Iran, China to co-build mini refinery in southwest

Iran and China plan to jointly build a mini oil refinery in the southwestern province of Kohgiluyeh and Boyer-Ahmad, part of Tehran’s drive to expand domestic refining capacity, Governor General Yadollah Rahmani said on Wednesday.
The refinery, with a processing capacity of 50,000 barrels of crude per day (bpd), will be developed in Bahmai County, an oil-rich region that hosts more than 80 active wells, Rahmani told IRNA following a meeting with Chinese investors.
“This region enjoys a strategic position for investment in the oil, gas and petrochemical sectors,” Rahmani said, adding that 25% of Iran’s crude oil — mostly destined for export — was produced in this province, which also ranked second nationwide in gas output.
Iran pumps more than 3.5 million bpd of crude and churns out a daily average of 750 million cubic meters of gas.  
The governor said the project would help supply part of Iran’s domestic demand for petroleum products while boosting the province’s share of refined product exports.
Discussions during the meeting with the Chinese delegation focused on the technical, financial and scheduling details of the project, with both sides agreeing to finalize feasibility studies and break ground in the coming months.
Rahmani said the province was committed to supporting foreign investors.
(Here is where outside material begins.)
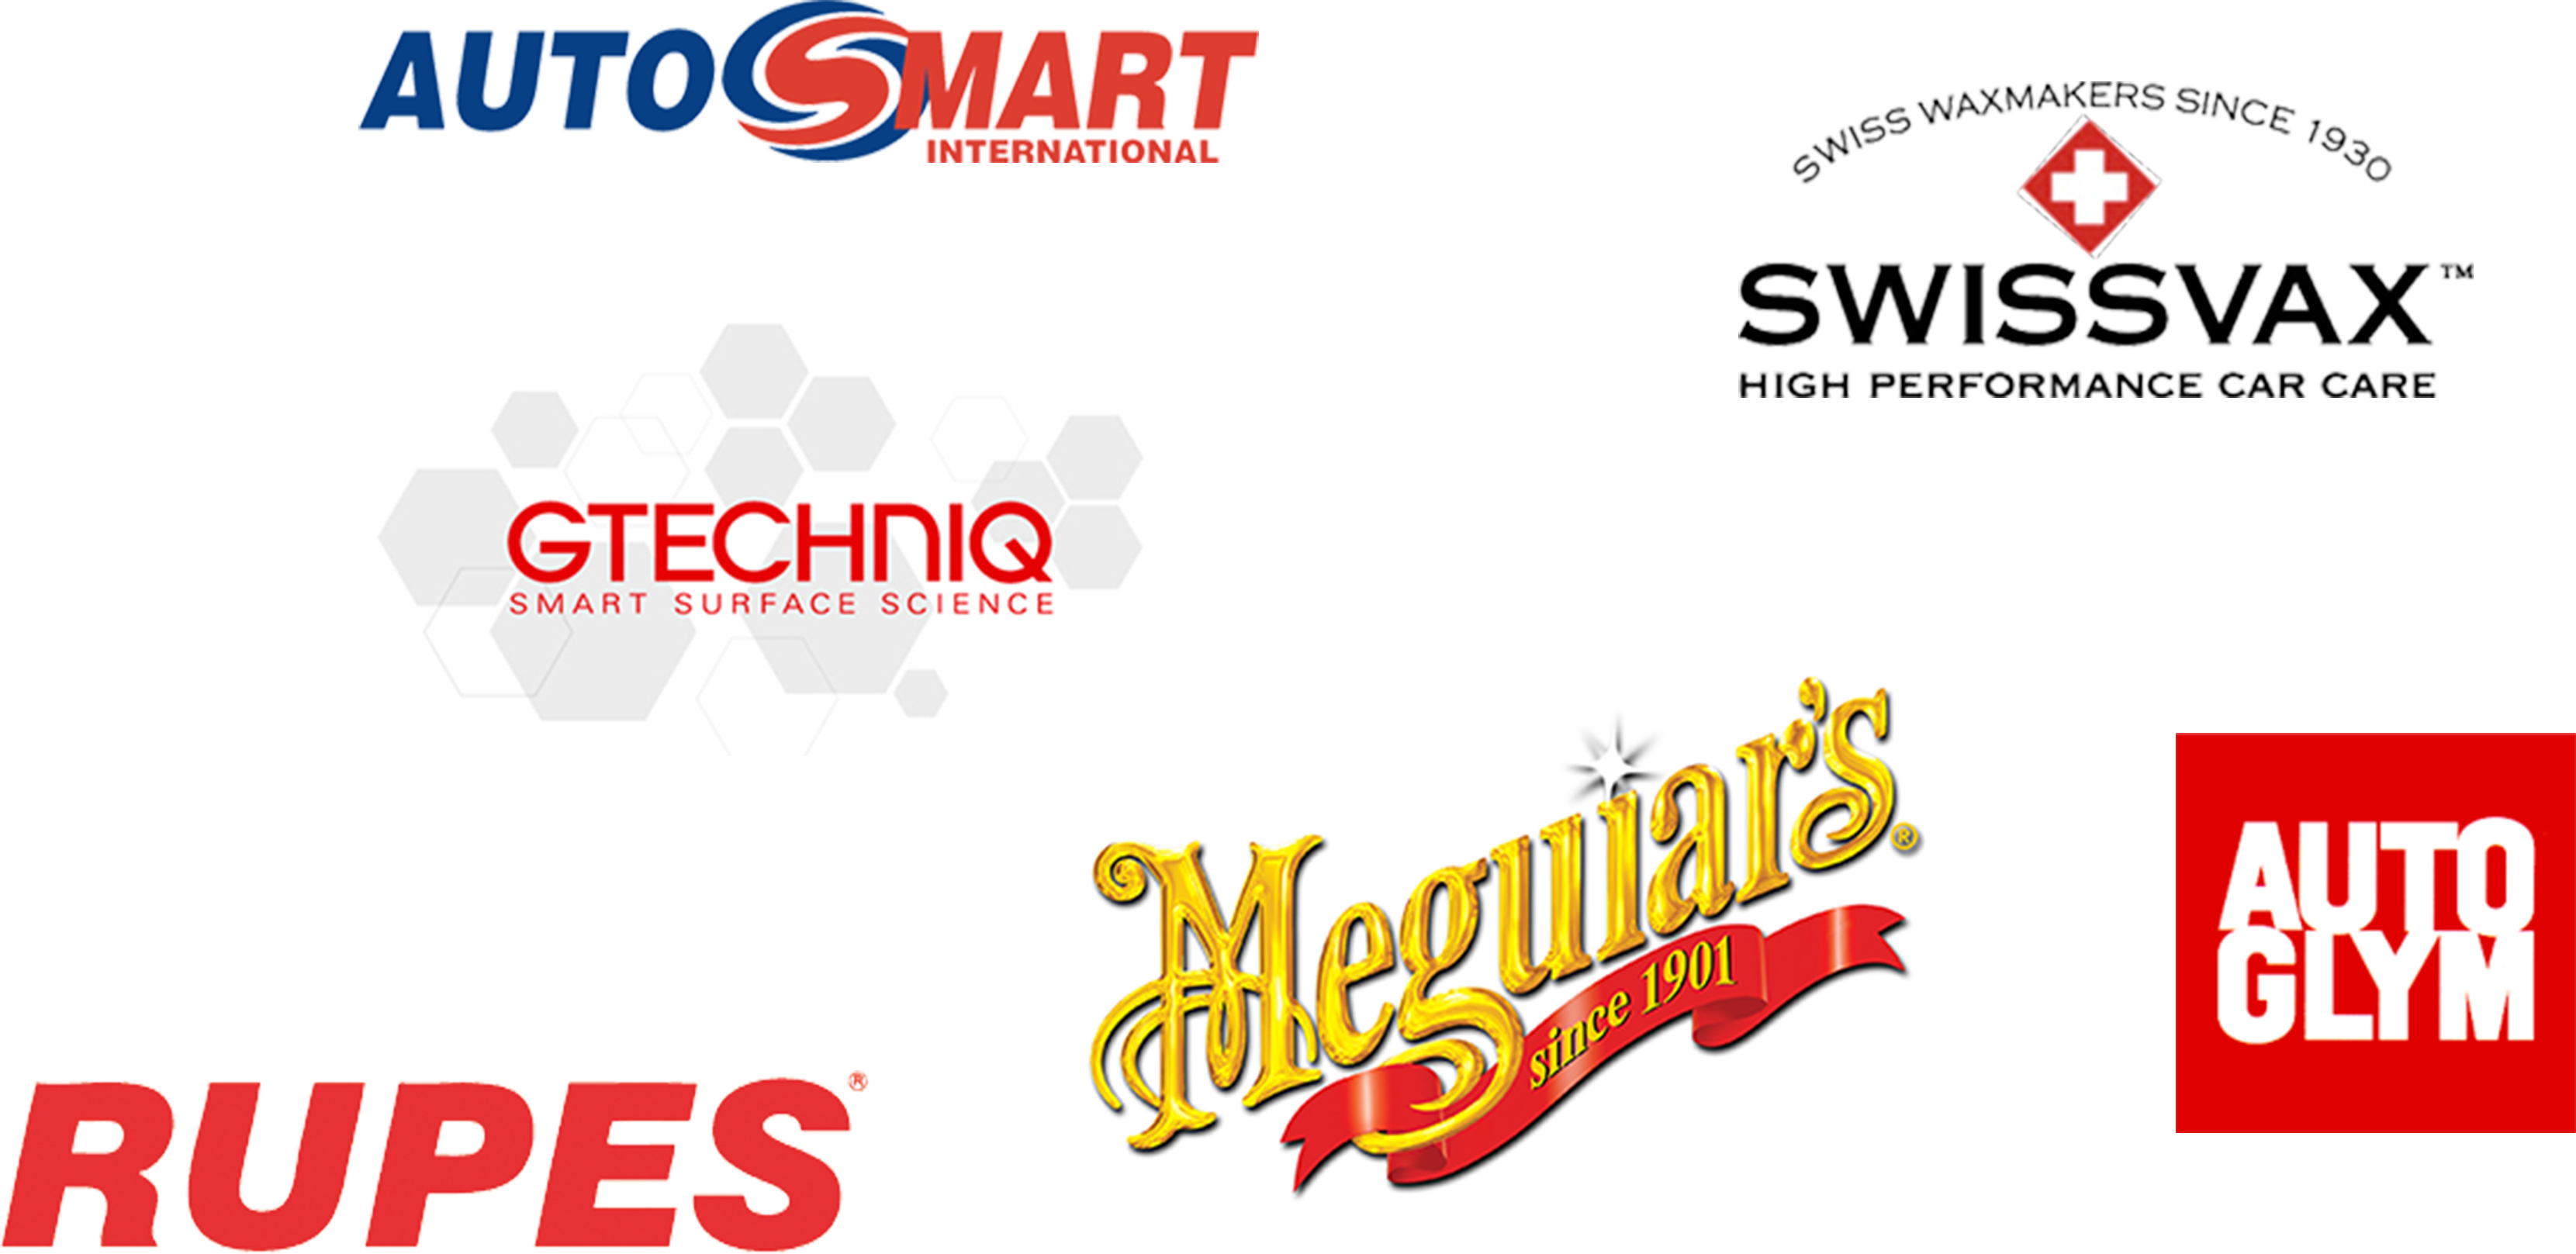 Autosmart logo, Swissvax logo, GTECHNIQ logo, Meguiars logo, Auto Glym logo, Rupes logo

“Easing administrative procedures for investors is on the agenda,” he noted, adding that 71 investment projects had been planned for the province, with a significant number expected to move into the implementation phase soon.
The new joint venture fits into the Oil Ministry’s broader plan to promote the construction of small-scale refineries by private and foreign investors, which require less capital but can swiftly increase the country’s overall refining capacity.
Iran has ten major refineries with a combined capacity of 2.4 million bpd, producing gasoline, diesel and other petroleum products.
In May, Deputy Oil Minister Mohammad-Sadeq Azimifar announced that Iran aimed to commission new refining projects worth $3 billion by March 2026 to beef up domestic fuel output and reduce reliance on imports.
Fuel shortages have become a growing concern for the government. The mismatch between production and demand — estimated at over 20 million liters of gasoline per day — has forced Tehran to spend billions of dollars annually on fuel imports since 2021.